李正国站在他身后,目光也落在那块坐标上,过了几秒,忽然像是想起了什么似的,眉头轻轻一拧。
“等下。”
他声音很低,但带着一种略微发干的迟疑,像是过于久远的某段记忆被什么抽出来了。
“这个地方……”
他抬起手,在黎州的手机上指了指那条沿线,“我记得,我以前办案子的时候……就在这附近待过一阵。”
黎州转头看了他一眼。
“你说‘办案’?”
“嗯。”李正国点点头,那张正气凛然的脸此刻也多了几分凝重,“那时候我还在市局刑侦组,跟着师父跑基层,刚调到东二片区,也就是现在这块望京东带三公里以内的范围。”
他顿了一下,似乎在努力回忆,眉头拧得更紧了。
“京腾货运……当时我们没直接进过,但我记得,那一带有几个案子是靠近它的——”
“包括一个。”
他说到这里,忽然语气顿住,像是想起了什么特别不舒服的事,脸色肉眼可见地变了。
“有一年冬天。”他说,“大概是11月末,我们接到通报,说有个拾荒老人在那附近的高架桥下冻死了,算是意外死亡,正常来讲不归我们,但因为他背的袋子里翻出了一本账本,账本里记着一长串人名,像是收账用的,还有日期。”
“结果你猜怎么着?”
“那些名字,查了之后,有十几个——都在我们系统里挂了‘已死亡’或者‘失踪未归’。”
苏夏屏住呼吸,脱口问:“你们……追了吗?”
“追了。”李正国点点头,语气却沉下来,“但追不动。”
“所有线索,最后全断在一条线上——京腾货运。”
“我们的人进去查过,但那时候它还在运营,算是半国营体制下的物流转运站,有牌照、有资质,连保安都是内聘退伍兵,表面看什么都没问题。”
“可你只要靠近它,那种说不出的压迫感就来了。就像有个庞然大物趴在那里,看你一眼都懒得动,但你每靠近一步,它心跳就大一分。”
“那种感觉我忘不了。”
他顿了顿,垂下眼,看着黎州:“我那会儿,真的很想查清楚它。可查到一半,就被调走了。”
“说是工作轮岗,但我知道,就是有人按下去了。”
“上头的意思是:不要动。”
“有些东西,该看不见就得装看不见。”
说到这里,李正国沉默了一下,低声补了一句:“那会儿,我还年轻,还不信邪,闹过一回。”

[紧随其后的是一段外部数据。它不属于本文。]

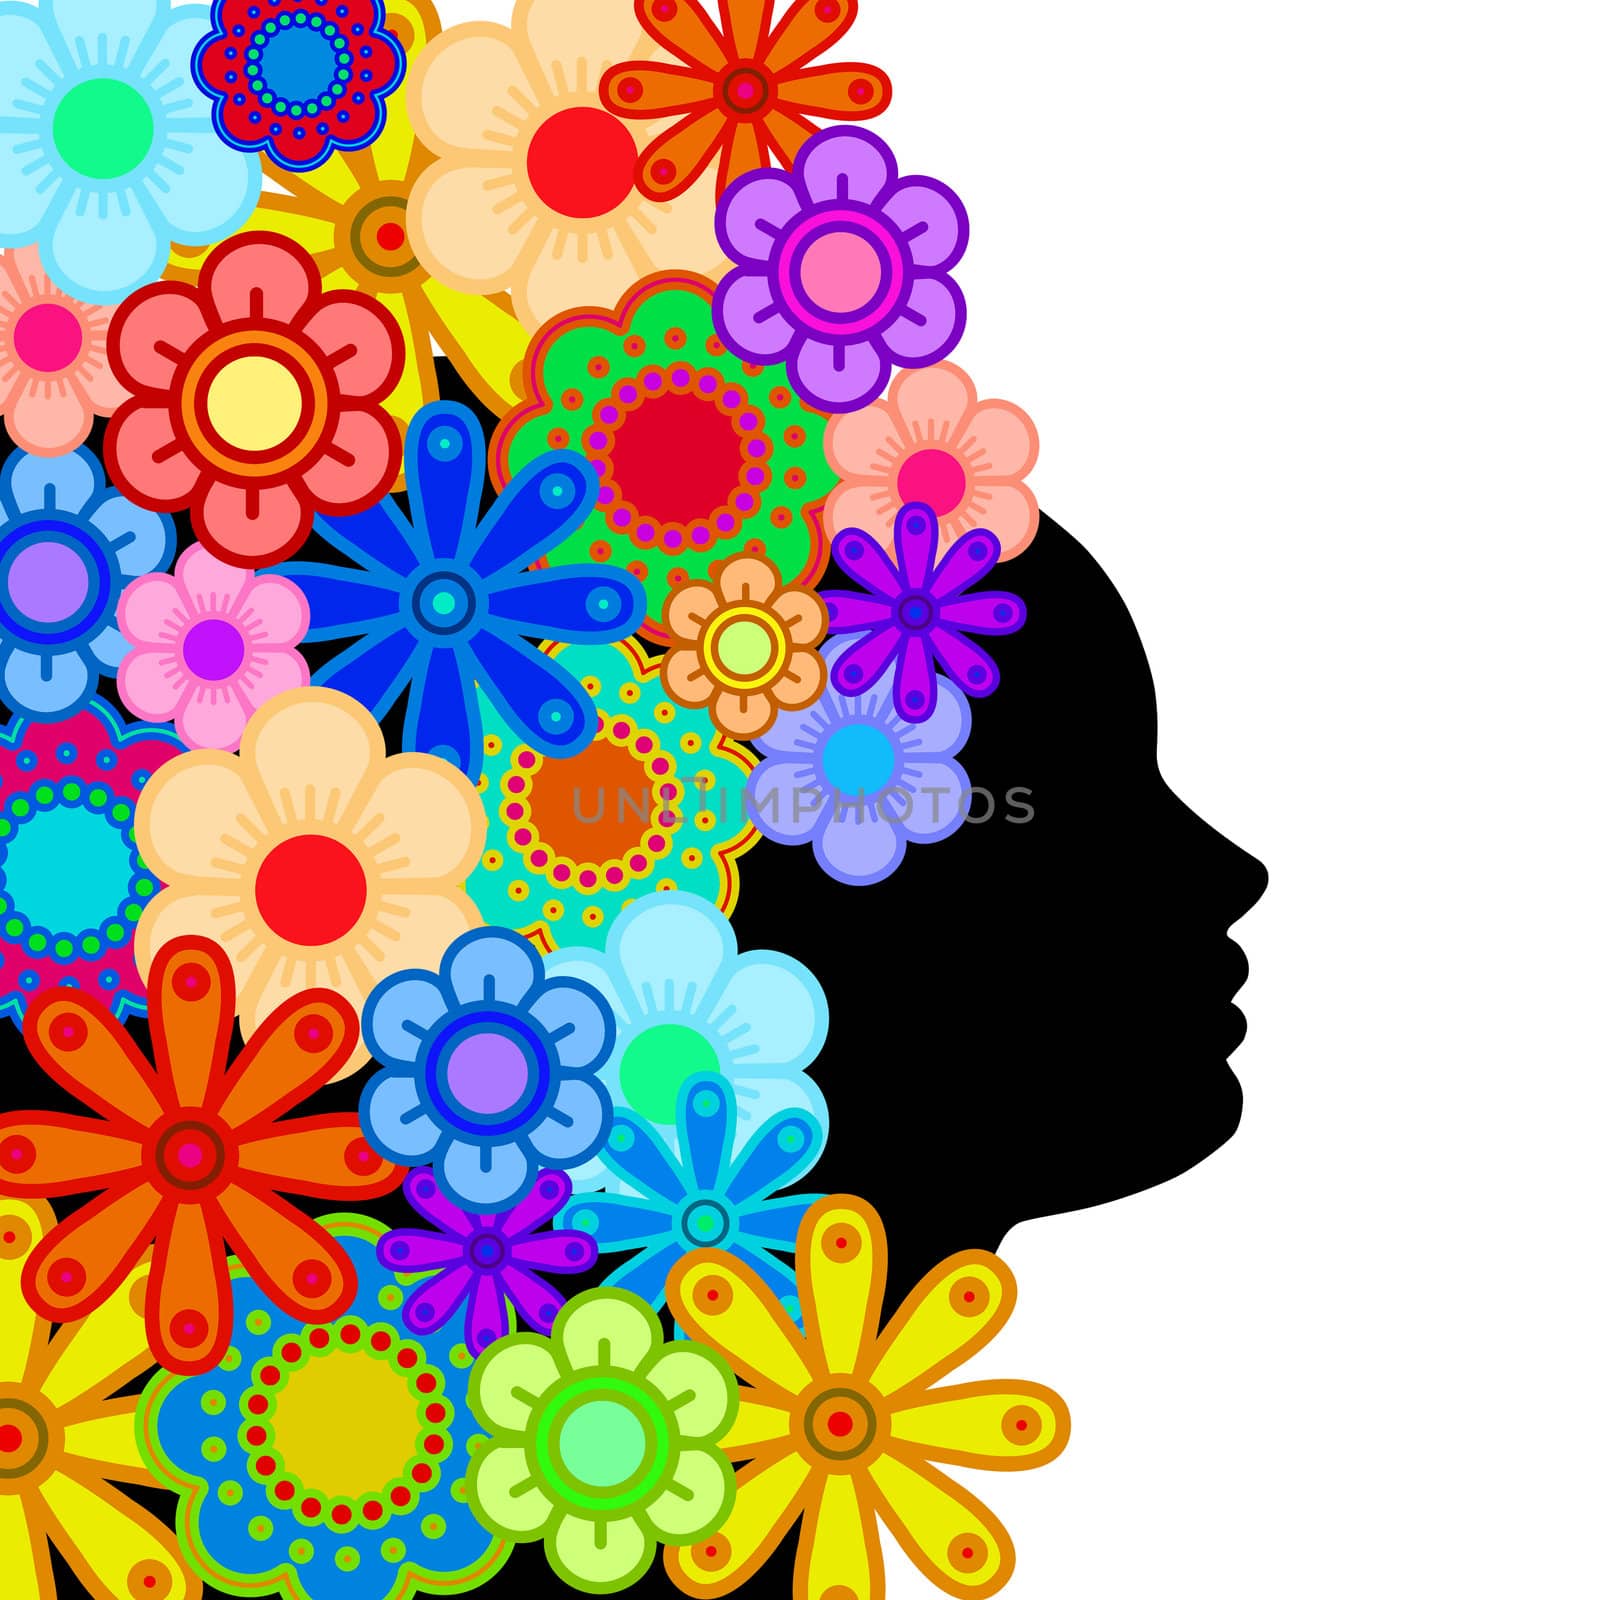 Woman Face Silhouette with Hair of Colorful Flowers Abstract Illustration

他苦笑了一声,“我师父病得很突然,走的时候,我都没来得及见最后一面。”
苏夏眼睛睁大了:“你是说……”
“我不知道是不是有人动的手。”李正国摇了摇头,“可那件事以后,我就再也没提过‘京腾’这两个字。”
“这地方……”
他说着,声音像是被什么压住了,“从那年起,就彻底变成了我们口里说的‘死地’。”
“你进去查,就会出事。”
“我们身边的几位队友,有一个进过三次,之后整个人精神就不对了;还有一个办完案回来的第二周,突然辞职,连文件都没交,直接跑了,谁都找不到。”
没人再说话。连呼吸声都变得小心翼翼。
像是怕惊动了什么早就被遗忘,却从未真正离开的东西。
过了几秒,黎州才开口,他声音很低,却带着种冷静得过头的清晰感:
“所以这个地方……从来就不是正常区域。”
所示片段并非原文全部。